### ASSIGNED TASK
Please retype the listing below exactly as it stands, skipping any pictures.

### INPUT DATA
──────────────────────────────
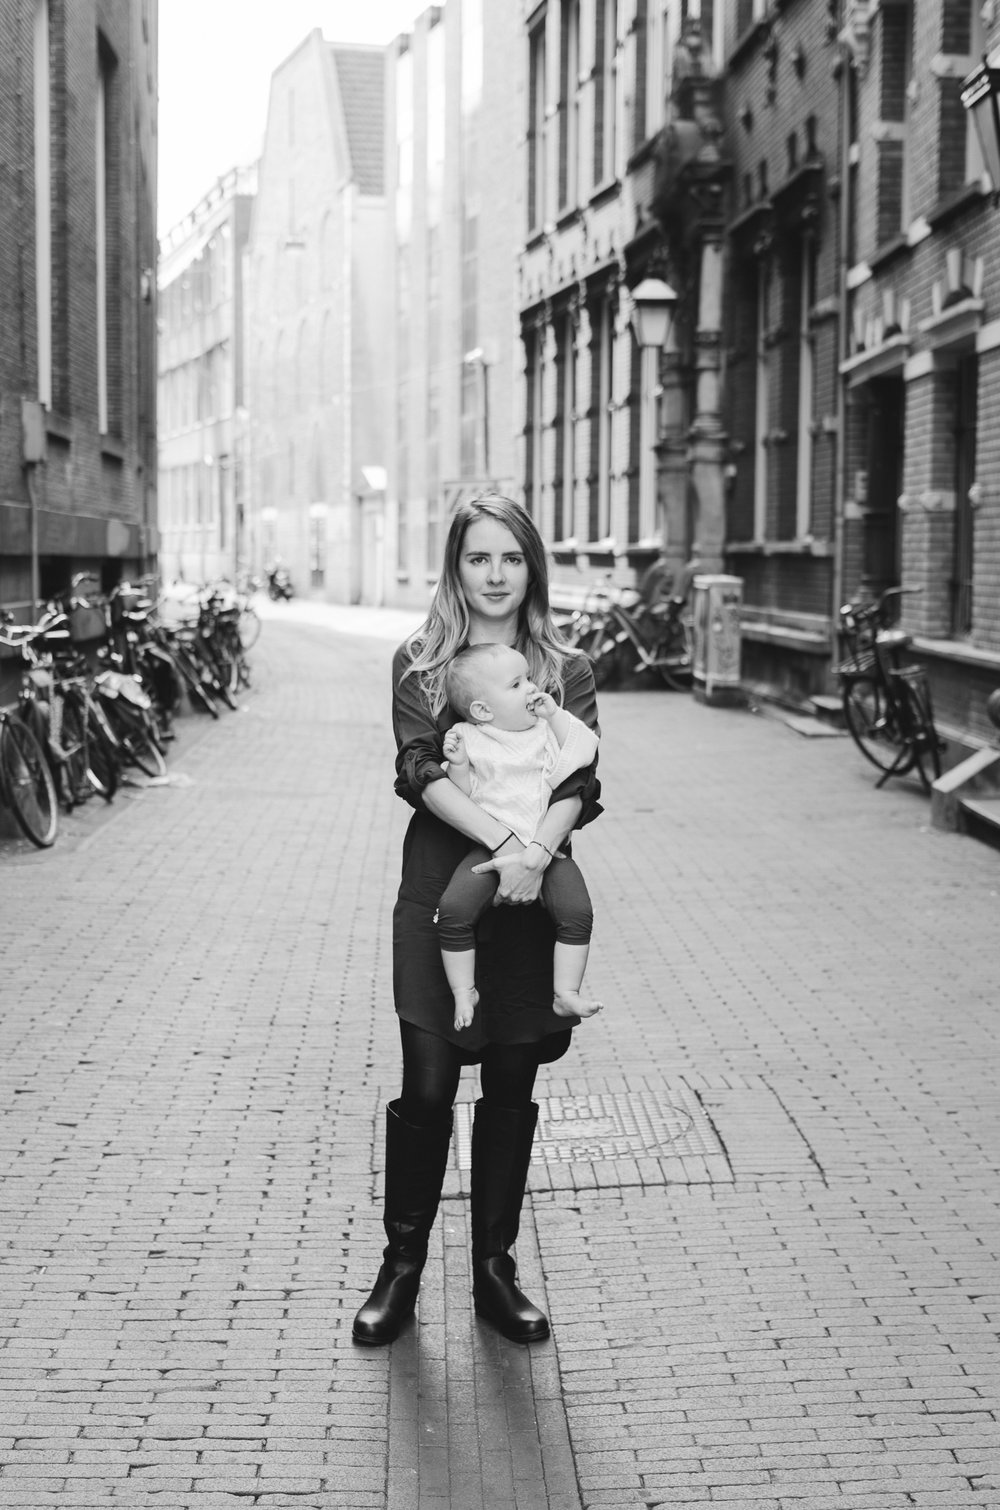 Vicky_McLachlan_Photography_Family_Newborn_Lifestyle_Photographer-11.jpg
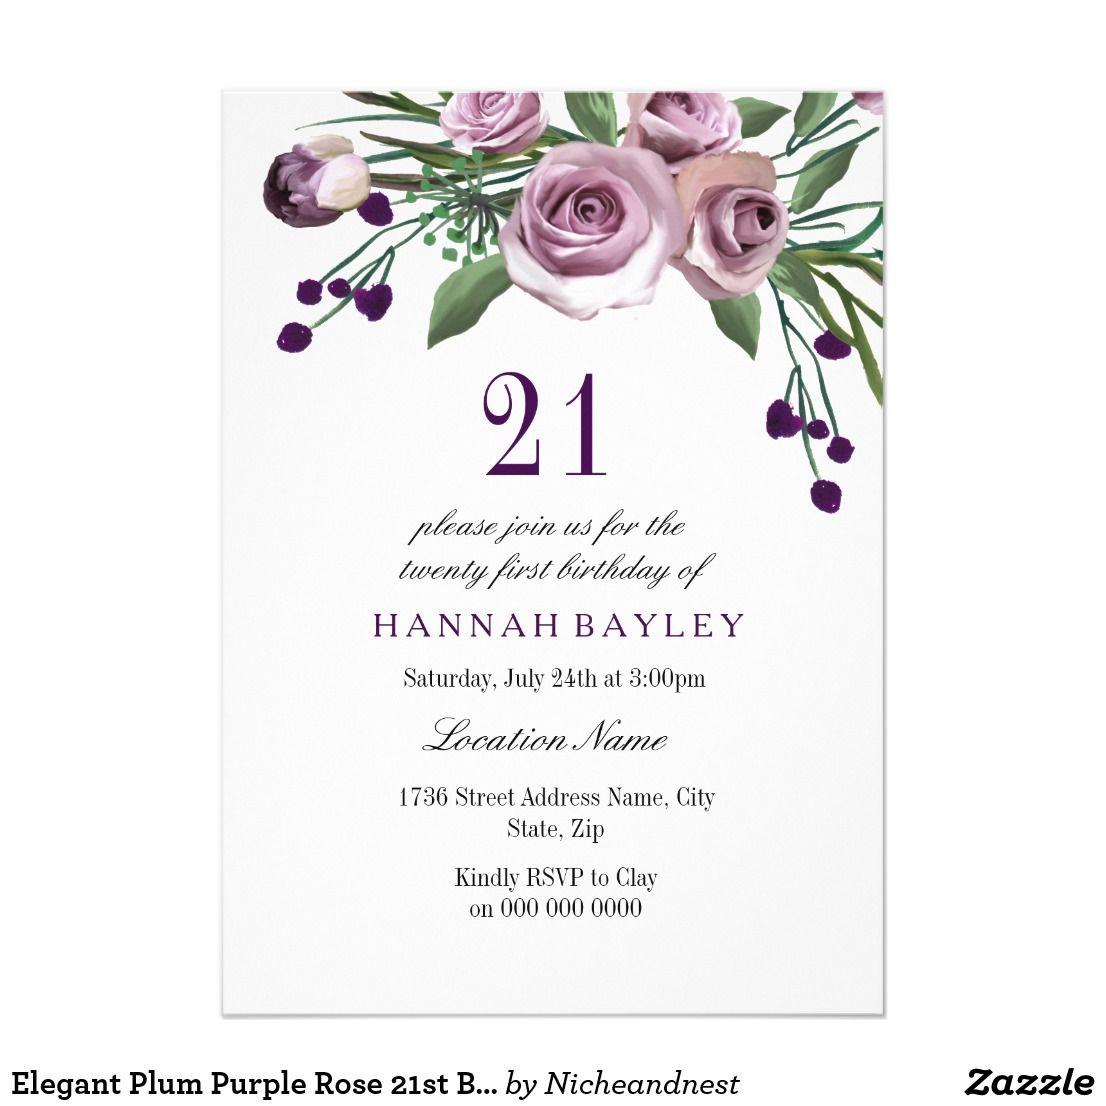 Plum Purple Rose 21st Birthday Invitation
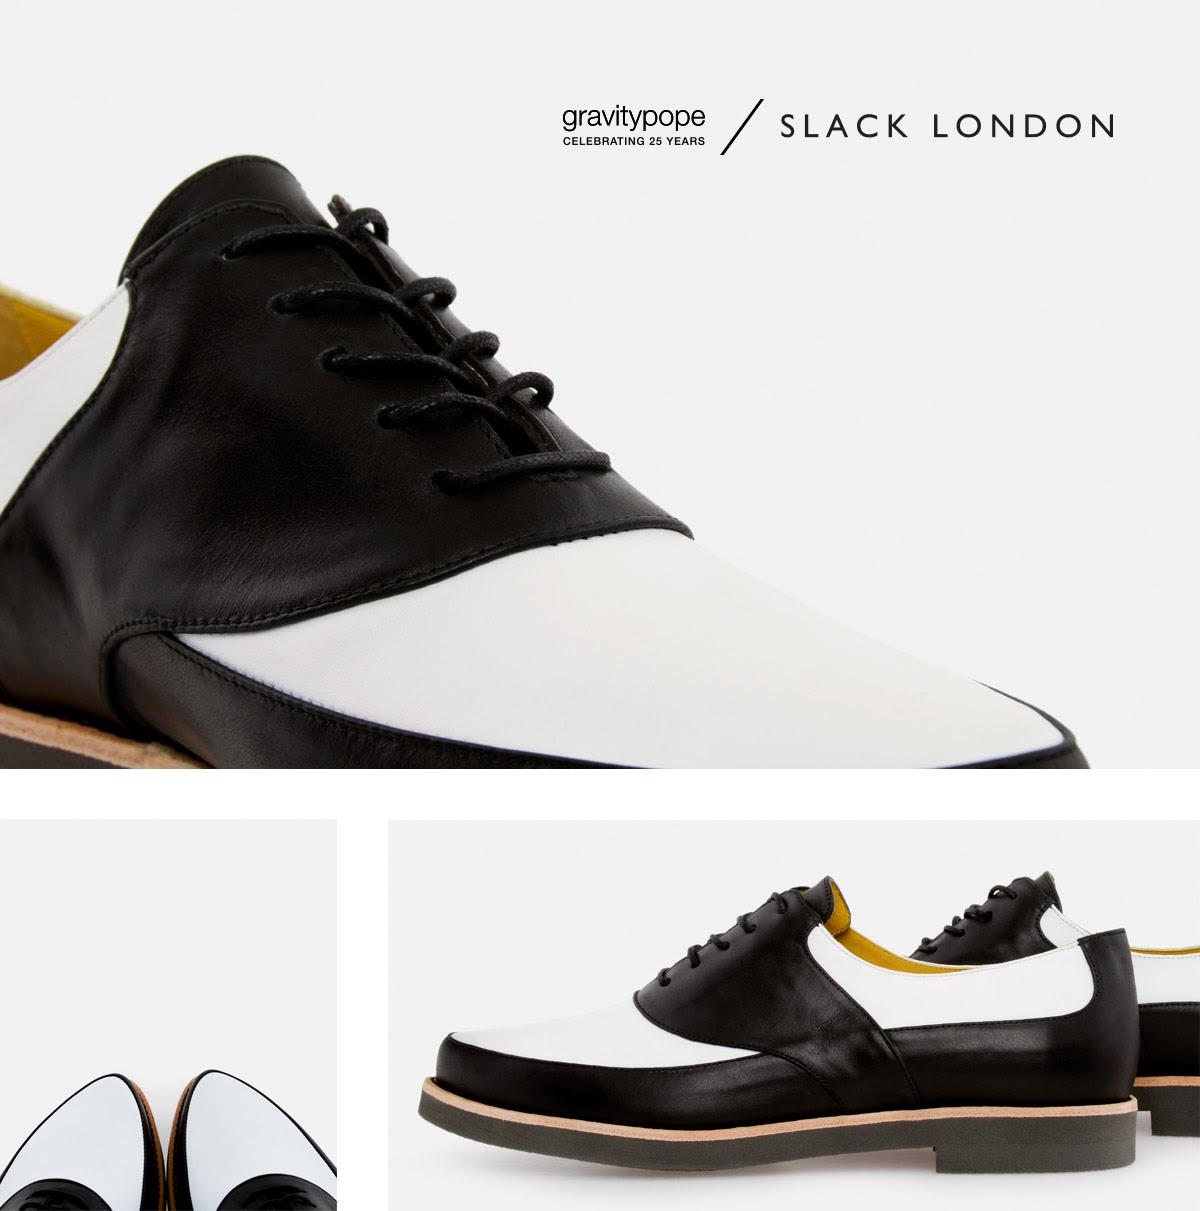 GRAVITYPOPE X SLACK LONDON
──────────────────────────────
### ANSWER SECTION
 Vicky_McLachlan_Photography_Family_Newborn_Lifestyle_Photographer-11.jpg
 Plum Purple Rose 21st Birthday Invitation
 GRAVITYPOPE X SLACK LONDON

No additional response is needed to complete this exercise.